As I grew I was given more responsibility and I was allowed to open my first bank account. Up until that time I worked for an allowance now I would have a paycheck earning seventy-five cents an hour. I wanted a car when I turned sixteen. By my fifteenth summer I was doing “man’s work” such as air conditioning service, odd jobs. Two workers, my Dad and I were building our new shop across the alley from our home. Dad put me to work shoveling concrete and sand into a cement mixer. The mixer’s gears gnawed at the cogs as the rotating bucket swallowed every shovel full. I kept the cement rotating drum going all day into the night. We had to finish the I-beam before the cement set up. I helped put the roof on after school the next week. I was proud of my Dad and his ability to work so strongly.

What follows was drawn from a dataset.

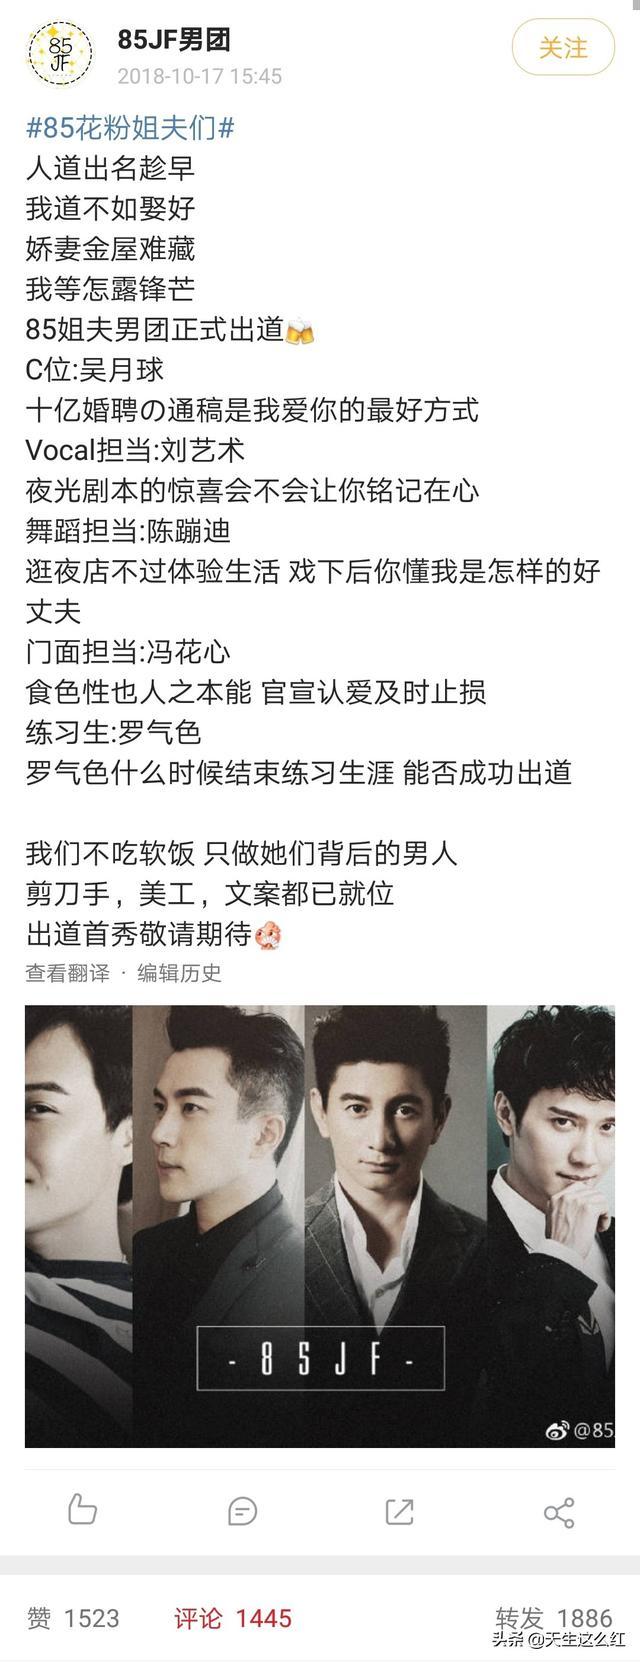 《小欢喜》磊儿考上清华,英子方一凡去南京,他们会有后续故事吗

At eighteen I had calloused hands, lying on my bed staring at the ceiling, weary from my days of pulling nails at the dump. I heard my father call me from the living room. My father was a fair man and must have recognized my anxiety about being on my own. Even before I entered the room, he said, “Son, I have a book for you.” He handed me a brick colored book with embossed lettering. Before I could read the title, he looked me straight in the eye and said. “Warren, if you study this book, and learn the secret within until it becomes a part of your life, you will be successful.” With that he turned the book around so I could read the cover in gold letters, Think and Grow Rich by Napoleon Hill. I appreciated the gift and his enthusiasm, but I didn’t open the book until much later when I was on the ledge of despair hanging on with my fingernails.